> DATASET CONTENT
┄┄┄┄┄┄┄┄┄┄┄┄┄┄┄┄┄┄┄┄

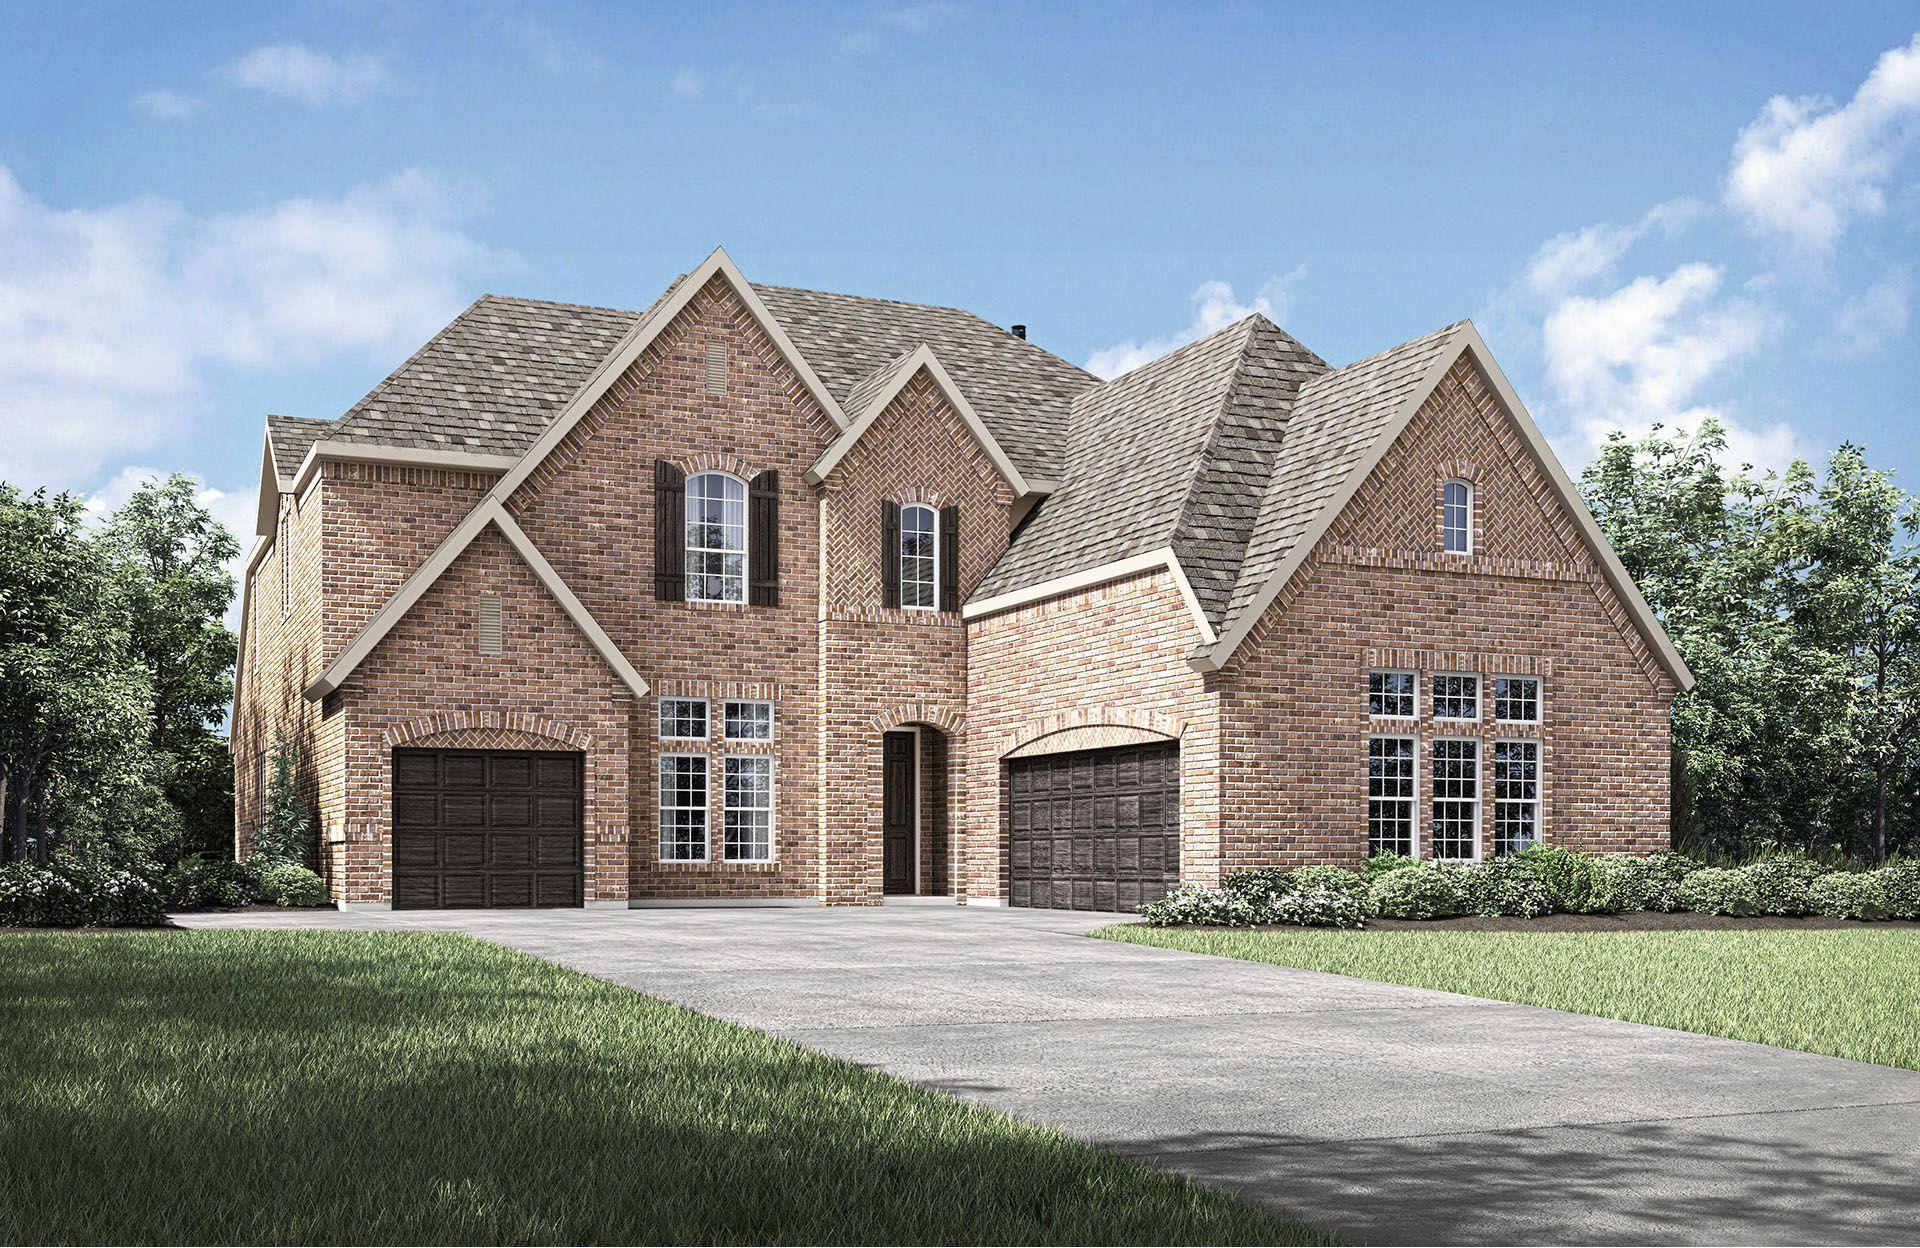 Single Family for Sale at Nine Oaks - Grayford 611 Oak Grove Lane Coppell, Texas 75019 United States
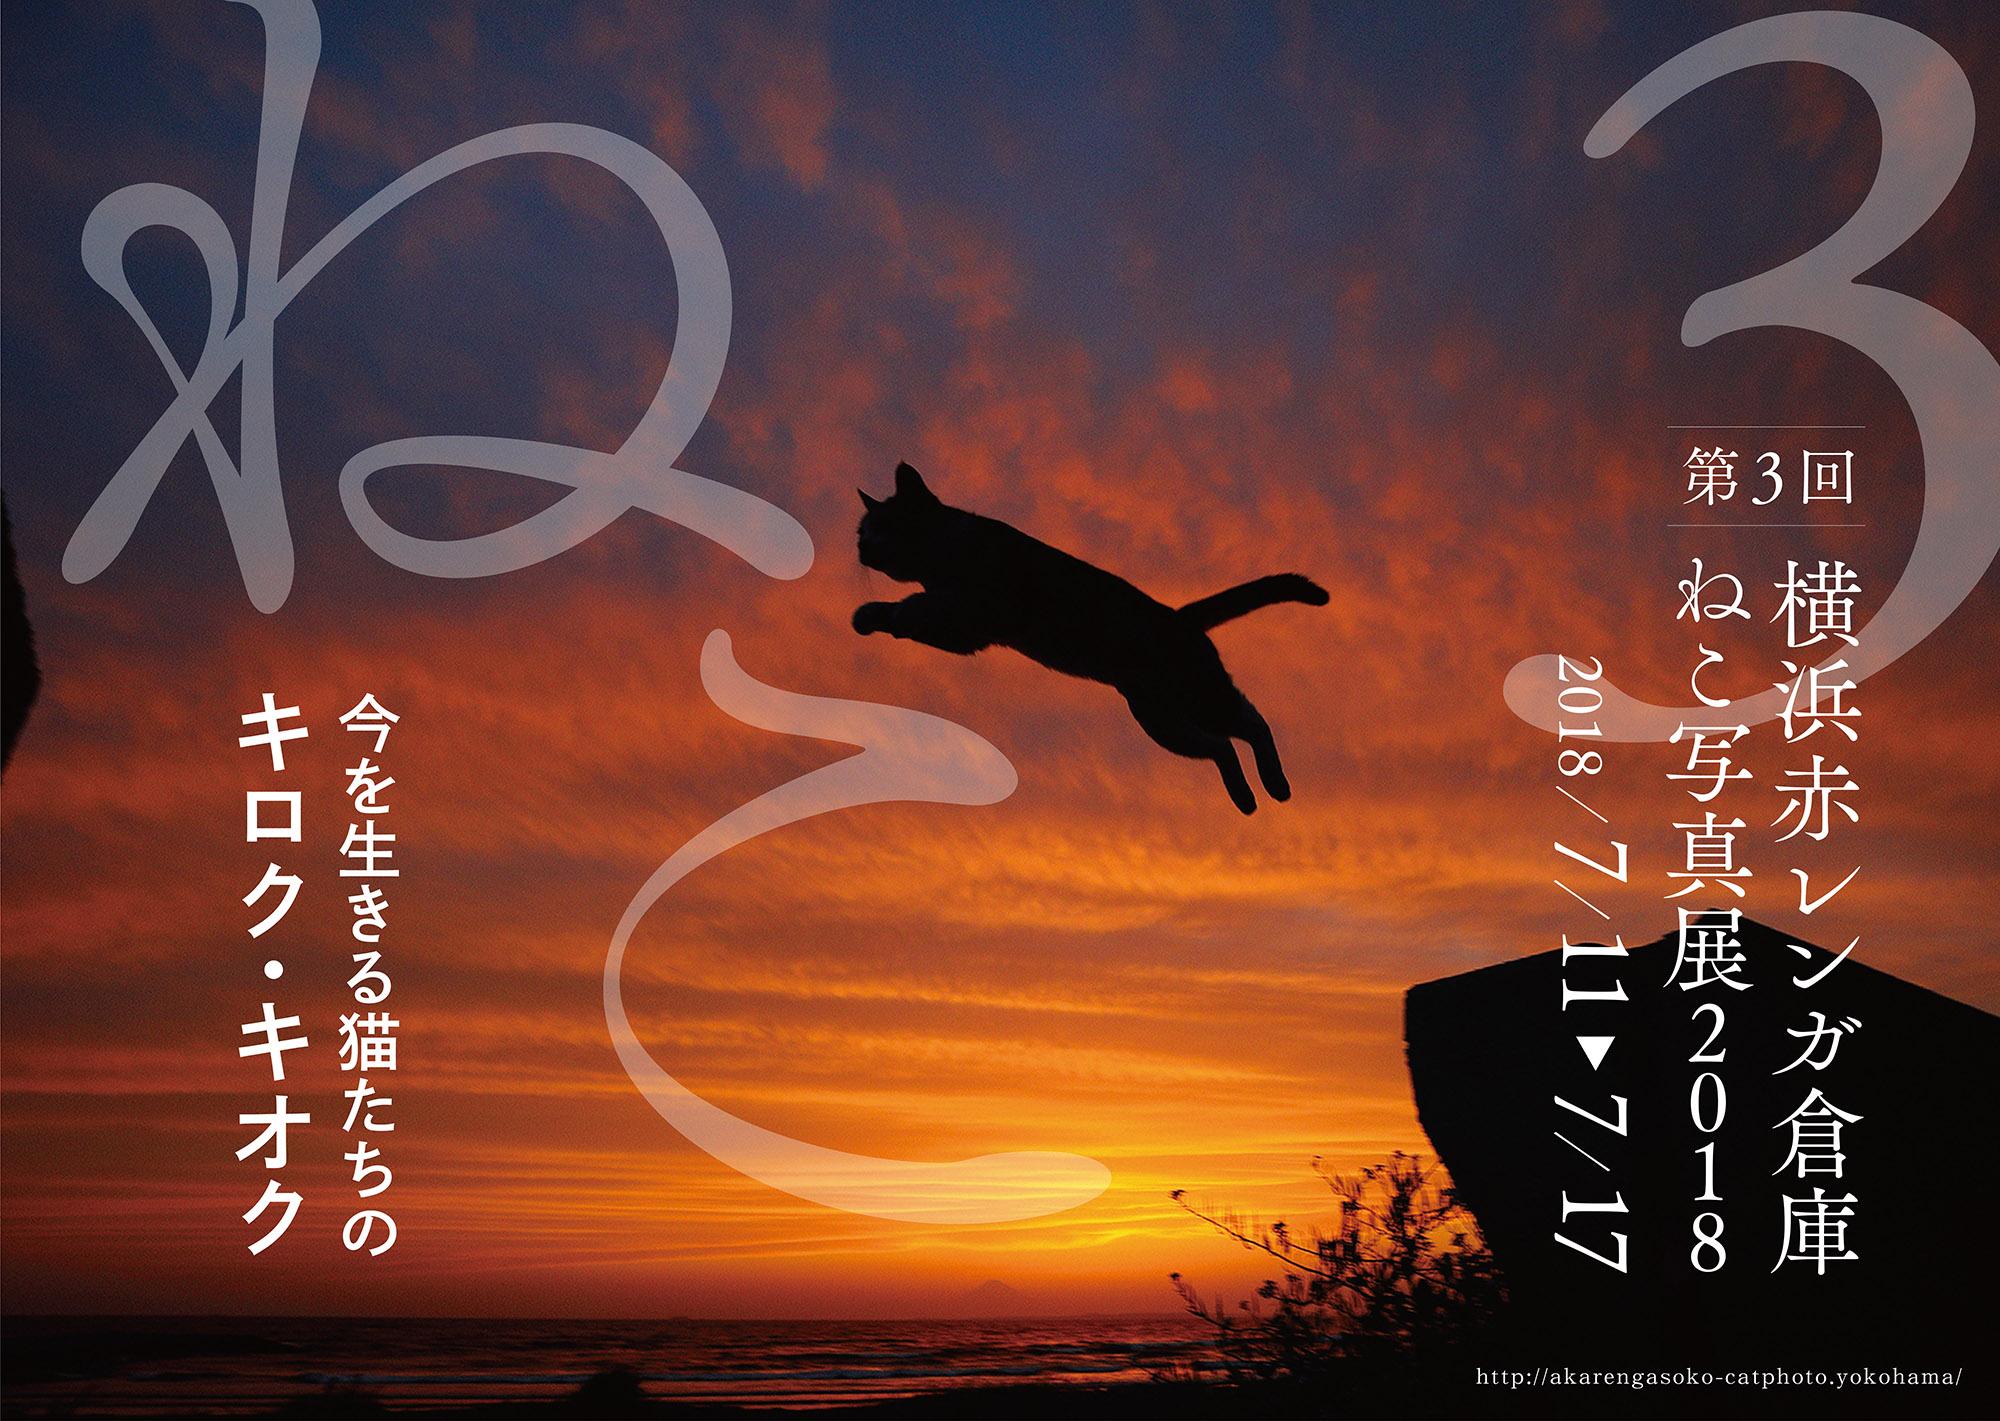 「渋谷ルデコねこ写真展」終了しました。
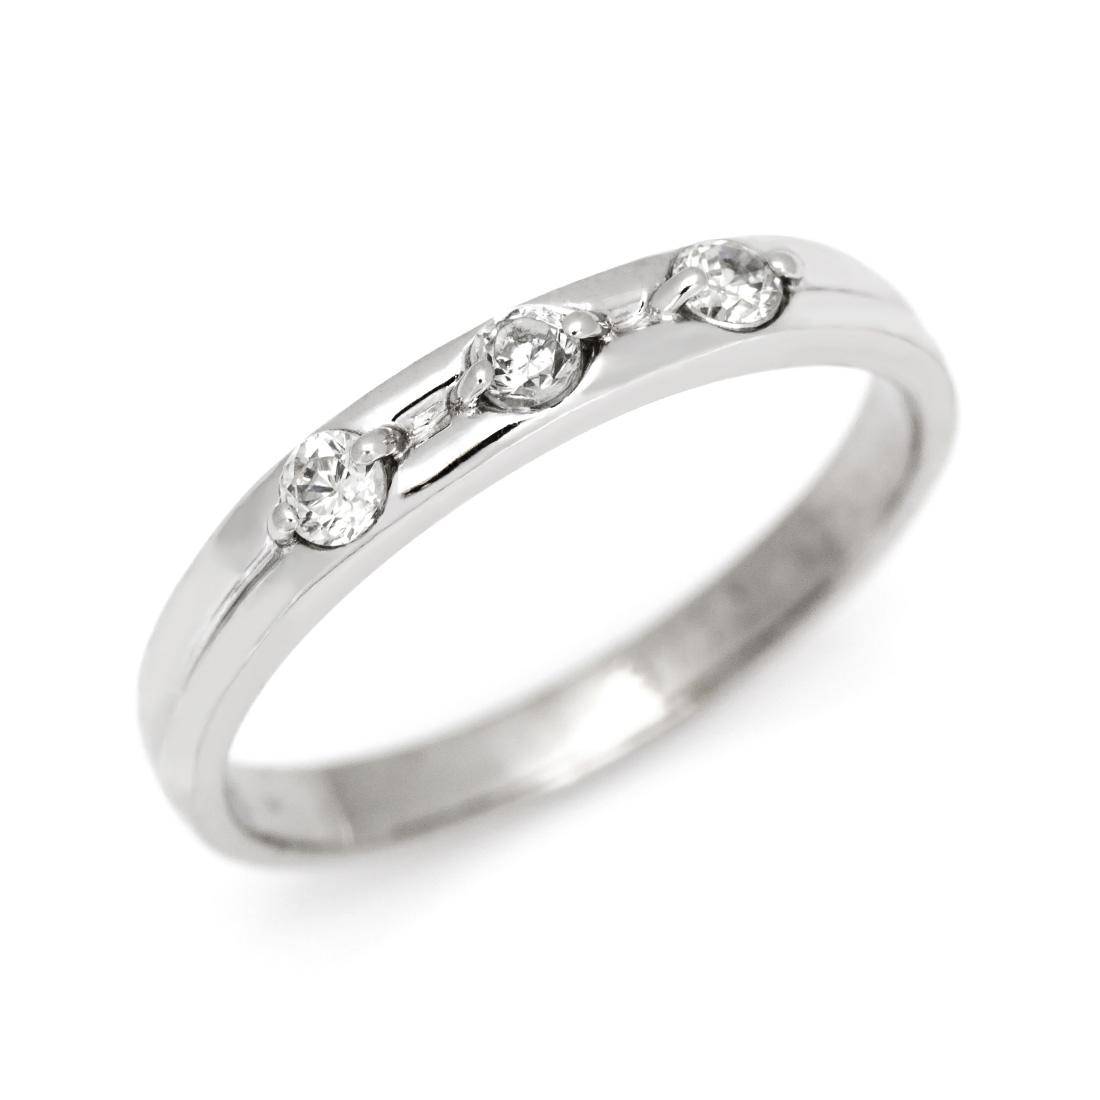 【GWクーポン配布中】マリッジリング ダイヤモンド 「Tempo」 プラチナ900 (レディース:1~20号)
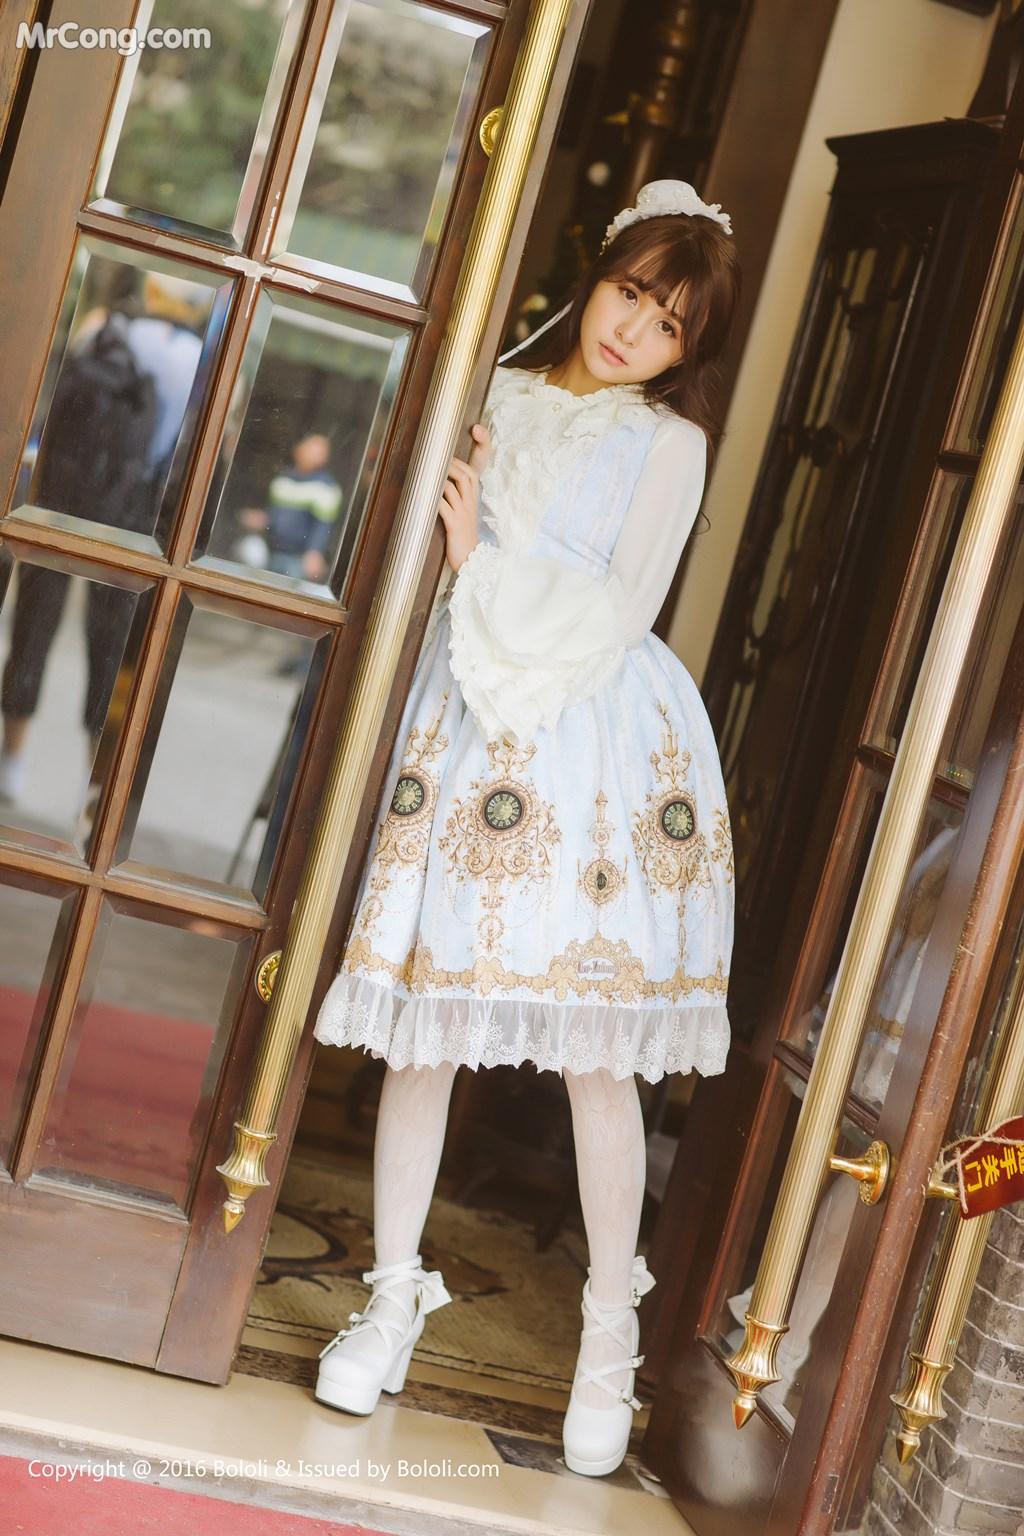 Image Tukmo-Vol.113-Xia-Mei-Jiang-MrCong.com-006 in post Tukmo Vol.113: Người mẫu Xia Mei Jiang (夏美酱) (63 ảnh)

┄┄┄┄┄┄┄┄┄┄┄┄┄┄┄┄┄┄┄┄

> EXERCISE AIM
Write out the data above exactly, minus any images.

> EXERCISE ANSWER
 Single Family for Sale at Nine Oaks - Grayford 611 Oak Grove Lane Coppell, Texas 75019 United States
 「渋谷ルデコねこ写真展」終了しました。
 【GWクーポン配布中】マリッジリング ダイヤモンド 「Tempo」 プラチナ900 (レディース:1~20号)
 Image Tukmo-Vol.113-Xia-Mei-Jiang-MrCong.com-006 in post Tukmo Vol.113: Người mẫu Xia Mei Jiang (夏美酱) (63 ảnh)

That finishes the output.